Task objective → Exactly as written, set down each line of the data below except its pictures.

Data segment →

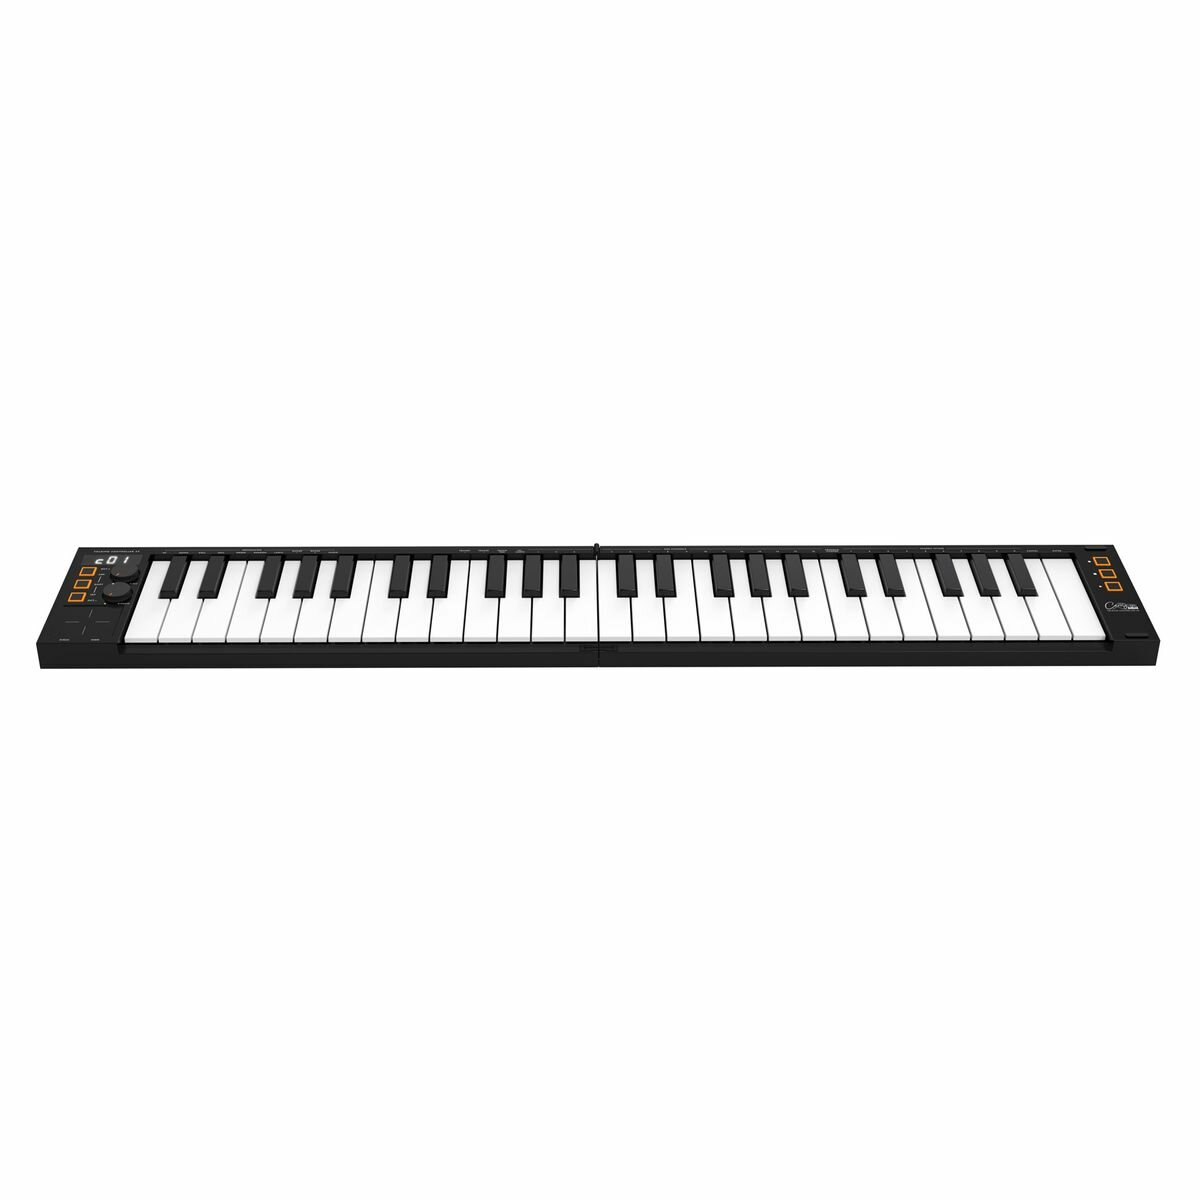 Carry-On FС-49 Портативная складная MIDI клавиатура 49 клавиш
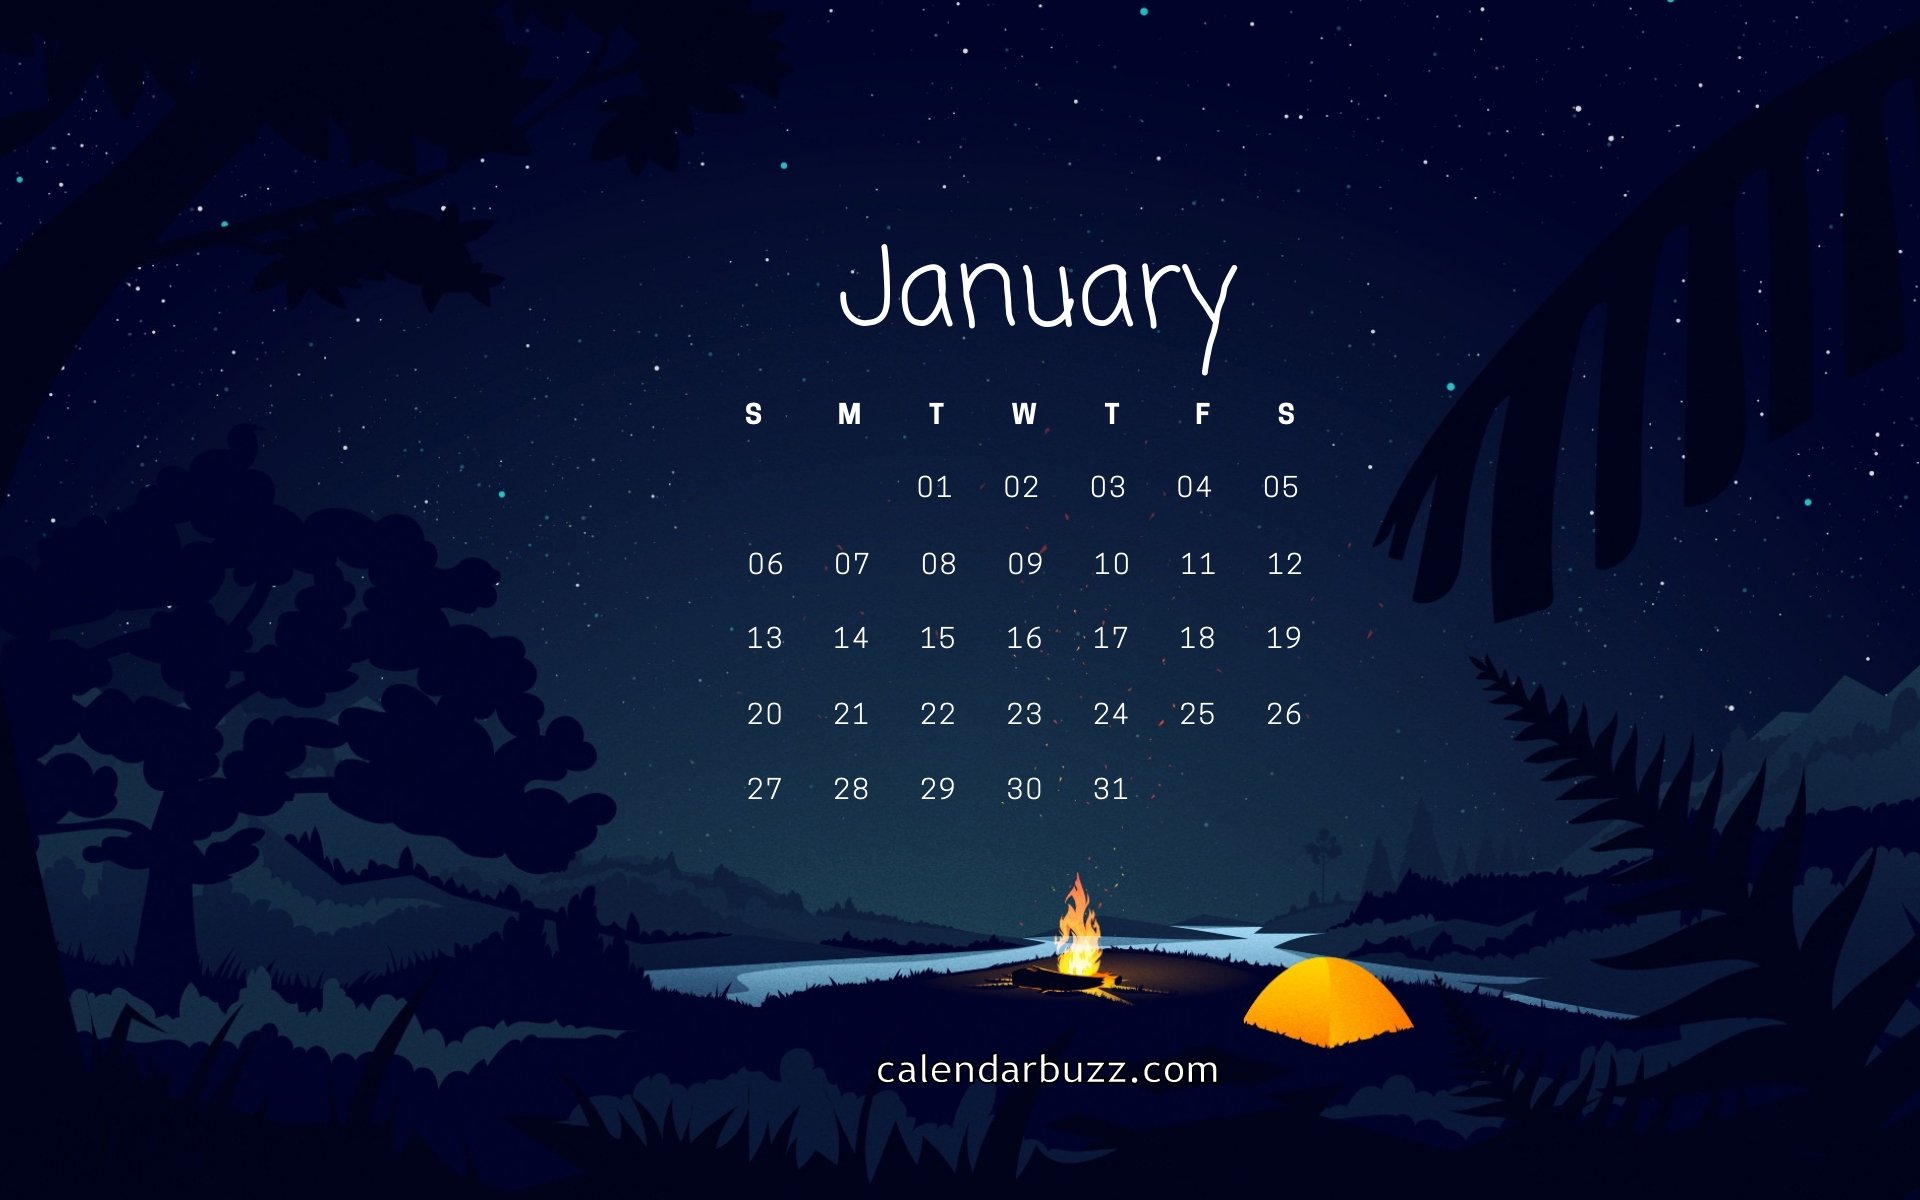 Free January 2019 Calendar Wallpapers Download CalendarBuzz
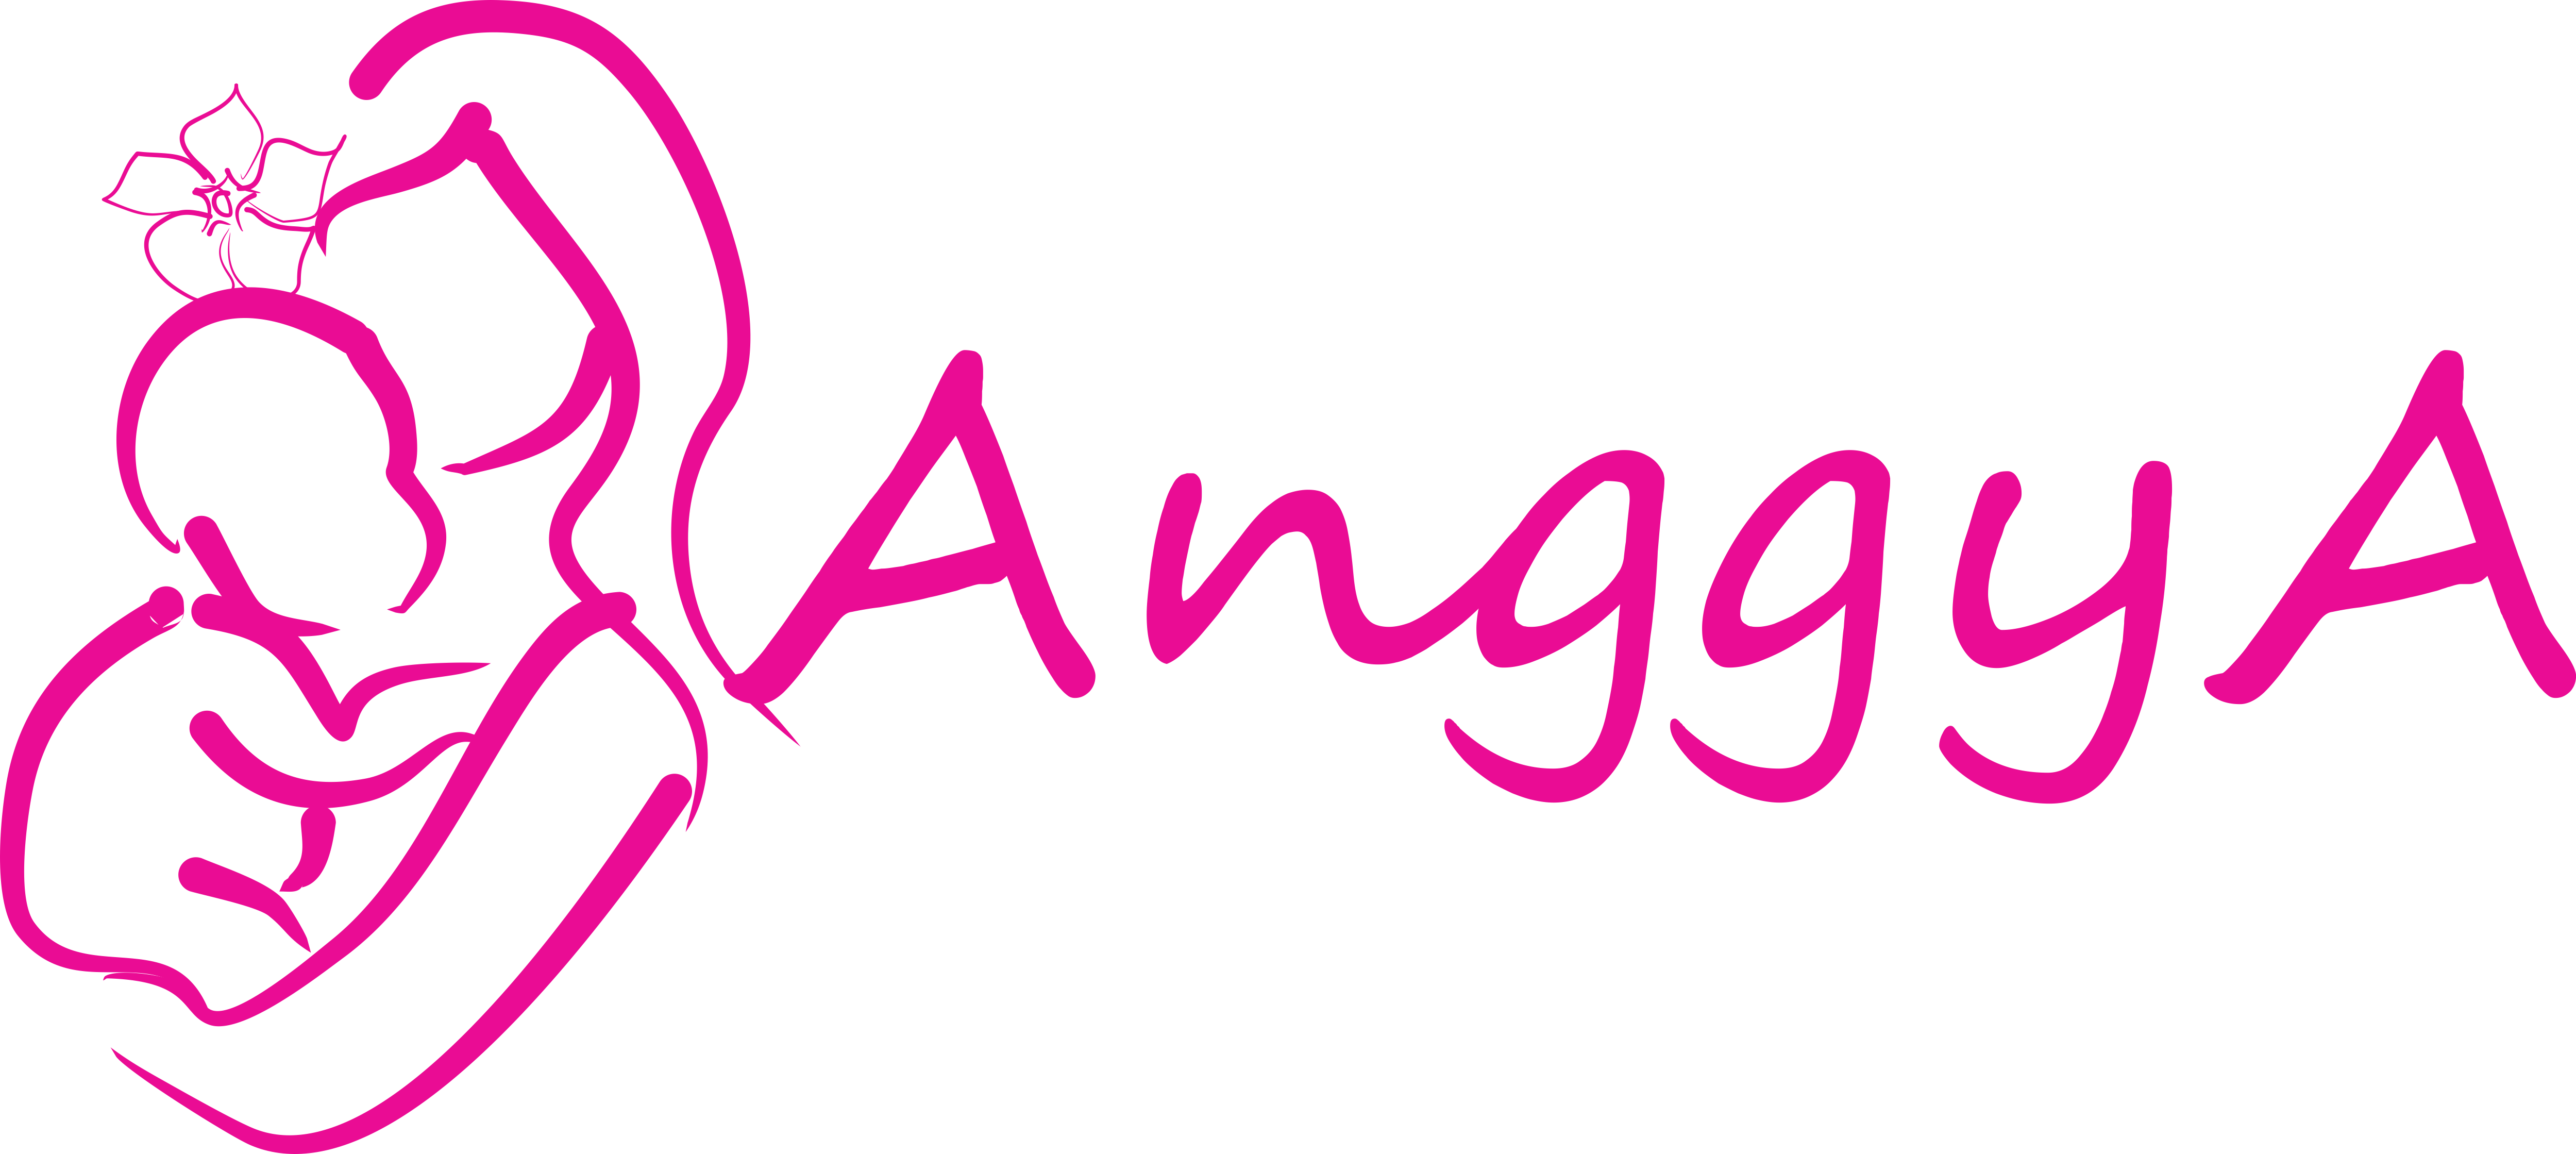 Pink Singer Logo - Pink Singer Logo Transparent

Response for this exercise →
 Carry-On FС-49 Портативная складная MIDI клавиатура 49 клавиш
 Free January 2019 Calendar Wallpapers Download CalendarBuzz
 Pink Singer Logo - Pink Singer Logo Transparent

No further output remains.